As can be seen, believing in an enemy, in an opposite or "other" begins the illusion of not-one, or dualism. The emphasis is on the individual; the answer is within each one, not in each other. This hearkens back to the previous post about race-consciousness beliefs, such as those that encourage an individual to believe that "humans are inherently social and therefore to be individual is less desirable than to be part of a community." It is the ego-mind that needs to be social in order to have "other" to compare itself to, and thus find and establish an "identity." An individual —Authentic Self — needs nothing to establish, for it simply and already is. Accepting this race belief will ensure that one will always be less-than-seeking-more-than. This is why the primary existential despair of our modern world is the prevailing feeling of meaninglessness; non-existence; hopelessness, or as Kierkegaard said it, "despair of spiritlessness; despair of encapsulation; despair of defiance." As Authentic Self, we are complete, and need add nothing more. Seeking to complete oneself by joining others sets up dualism and thus a feeling of longing for oneness again, in an endless cycle of insanity.
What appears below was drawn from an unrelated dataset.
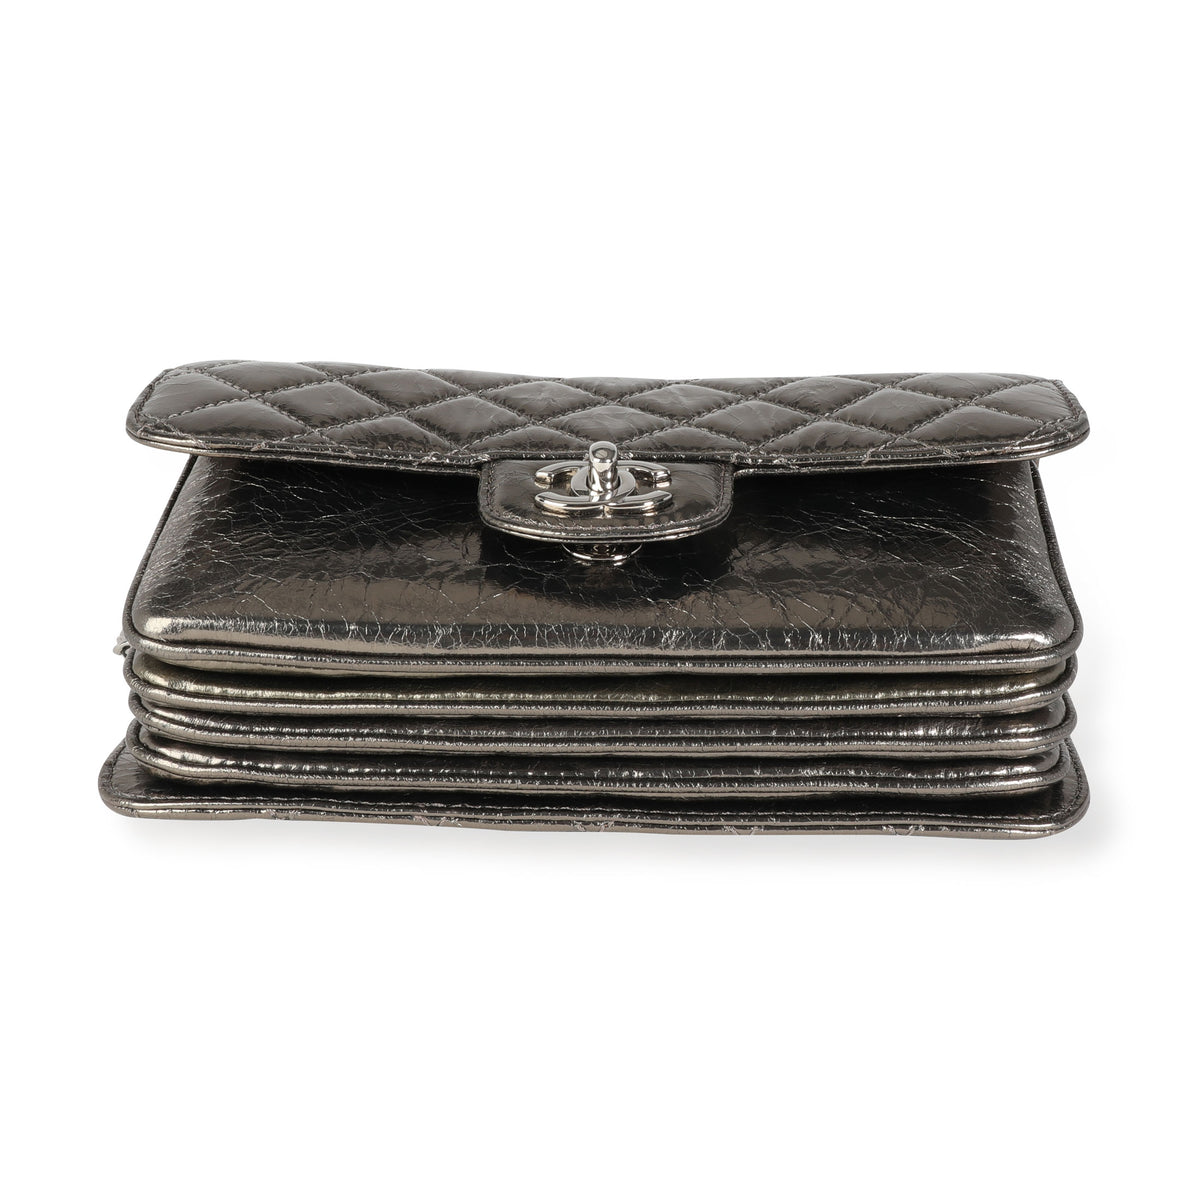 Chanel Metallic Cracked Leather Clams Pocket Accordion Flap Bag

These existentialist ideas of the 19th and 20th centuries bring to mind another existentialist term, dasein, or being-in-the-world, and the process of daseinanalysis, or trying to see what is in one's experience and describe it as accurately as possible. Existentialism is a highly intellectualized lens through which to view the individual, and perhaps it can be seen that even trying to describe an experience is a removal from the experience, thus dualism.

From a Risen stance, I am the experience; and I am the lens. Vipassana is an ancient Middle Indo-Aryan word for a process of observation—observing “what is” from moment-to-moment—observing “what is” as it is, thus gaining a “panoramic view” of one’s life while immersed in all life. Dualism is of no consequence from within this total self-immersion.

We close for now with a quote used in The Risen — excerpts from the discourses of Shri S N Goenka and Sayagyi U BA Khin on Vipassana:

“As you experience it yourself you experience that the entire material world is nothing but vibration. We have to experience the ocean of infinite waves surging within, the river of inner sensations flowing within, the eternal dance of the countless vibrations within every atom of the body. We have to witness our continuously changing nature. All of this is happening at an extremely subtle level . . . As you experience the reality of matter to be vibration, you also start experiencing the reality of the mind: consciousness, perception, sensation and reaction. If you experience them properly with Vipassana, it will become clear how they work.”